Tuesday, August 7, 2007

The Daily Digest


Everyone talks about (and bemoans) judicial activism, but few realize, as Robert McCloskey shows in The American Supreme Court, that the Supreme Court has historically followed the political winds. As FDR put it while trying to pack the Court in 1937, the American people expect the unelected third branch of government to fall in line behind the elected other two. Today, this ironic notion is given life by Anthony Kennedy, about whom law professor Michael Klarman observes, "Any court on which [he] is the median voter will never do anything to provoke dramatic backlashes, because Justice Kennedy has his finger on the pulse of Middle America."

Since 1937, the Supreme Court has comprised nine justices.

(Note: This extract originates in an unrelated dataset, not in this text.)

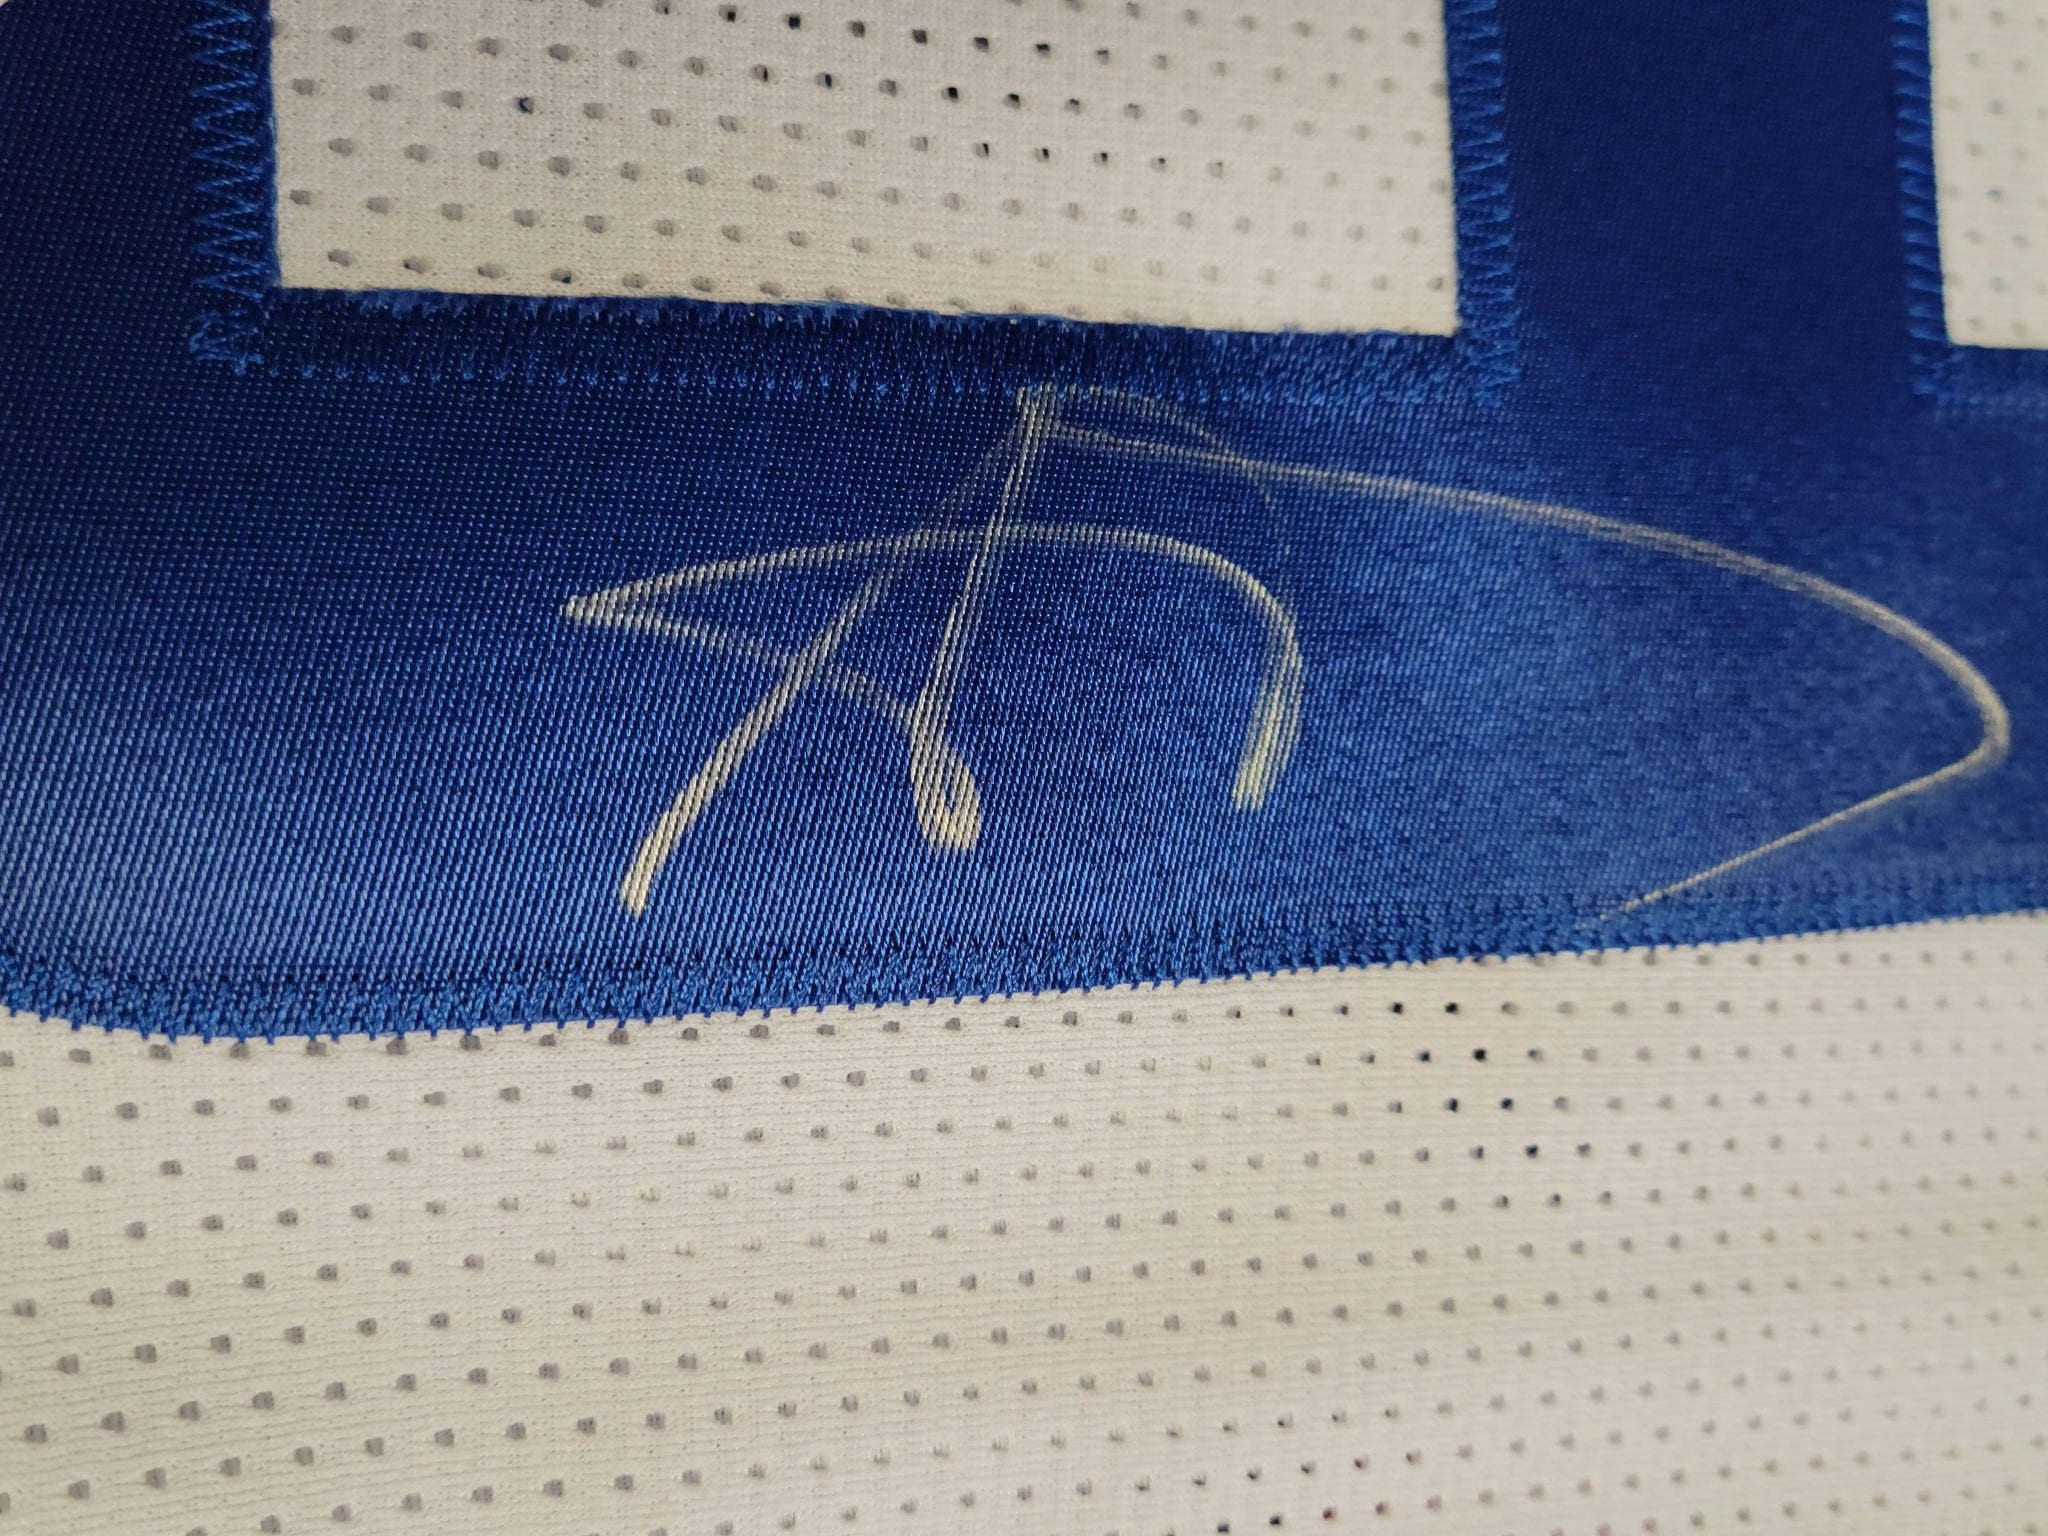  AARON DONALD Signed/Autographed Rams Authentic Style

But as Jean Edward Smith argues, "there is nothing sacrosanct" about the number nine. To the contrary, "Roosevelt’s 1937 chicanery has given court-packing a bad name, but it is a hallowed American political tradition participated in by Republicans and Democrats alike," including Adams, Jefferson, Jackson, Lincoln and Grant. Note: I'm blogging Smith's op-ed not because I condone court-packing, which politicizes and destabilizes the law, but because of its interesting history.

Ward Churchill, aka Chief Lies-alot, is unrepentant. Of his "little Eichmanns" essay, he declares, "The only thing I regret is that I didn't take a harder line." Note: Churchill was fired not for this essay, which academic freedom protects, but for academic fraud in his "scholarly" work.

Who says reporters have to be poor? Salaries for top journalists at the Atlantic range as high as $350,000.